I don't care they're gating this behind a subscription but the fact that they won't even tell you that you're missing an important security update? That's bad. I wonder how many people think they are fully up to date while being vulnerable to known bugs.
They do tell you that you are missing now. On ubuntu 24.04, apt now reports/nags me about security updates behind esm-apps.
They also publish an oval xml for use with openscap tools to get a list of unpatched CVEs. The issue is not enough people know about those tools.
https://security-metadata.canonical.com/oval/
> I don't care they're gating this behind a subscription
I rather not have them push an ad to my face when I open the settings.
I had to install Ubuntu on an embedded board last week and the "Ubuntu Pro" ad is like a greyed out tab in the settings widget if I remember correctly.

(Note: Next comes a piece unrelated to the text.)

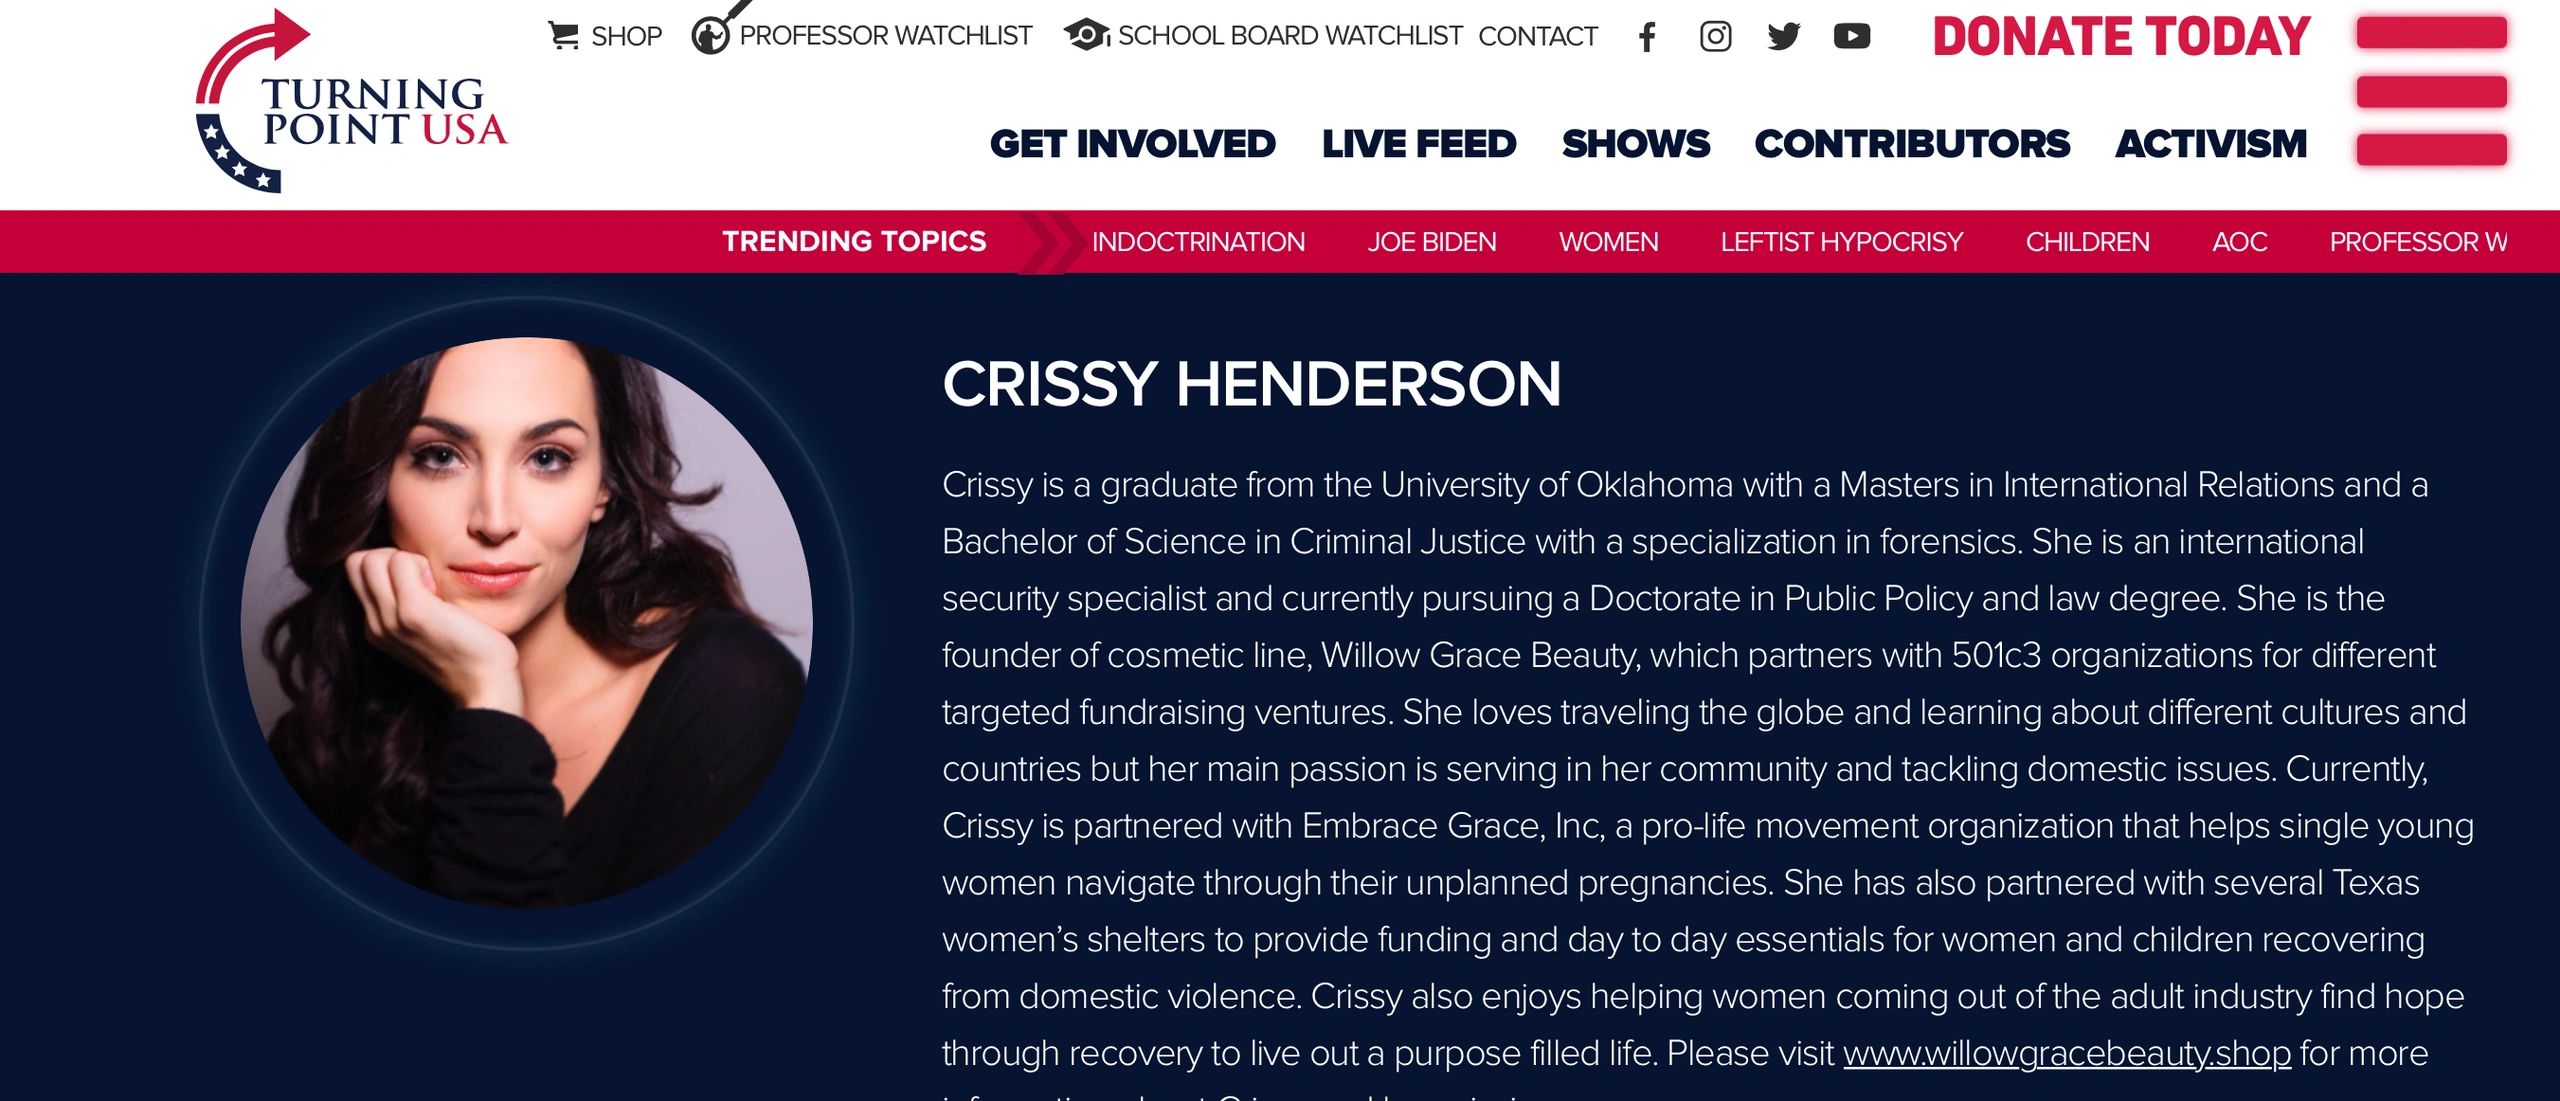 Chrissy Henderson

Worse than the Amazon ad they had some decade ago.
Most Ubuntu users don't know that Canonical only supports the main repository for free.
To my knowledge, only some comments hidden in /etc/apt/sources.list mention this, but the more honest approach would be to warn all users when they try to `apt install foo` some package from universe/multiverse. Or do it like RHEL with their EPEL repo and disable it by default.
But I guess they would have never gotten this popular if people saw that Ubuntu is only a few thousand packages compared to Debian's tens of thousands.
The updates in universe are definitely best effort.
We were paying for Ubuntu Pro through an AWS subscription on 2k EC2 instances, and could not get Canonical to update a package with a CVSS 7.8 in the 18.04 LTS.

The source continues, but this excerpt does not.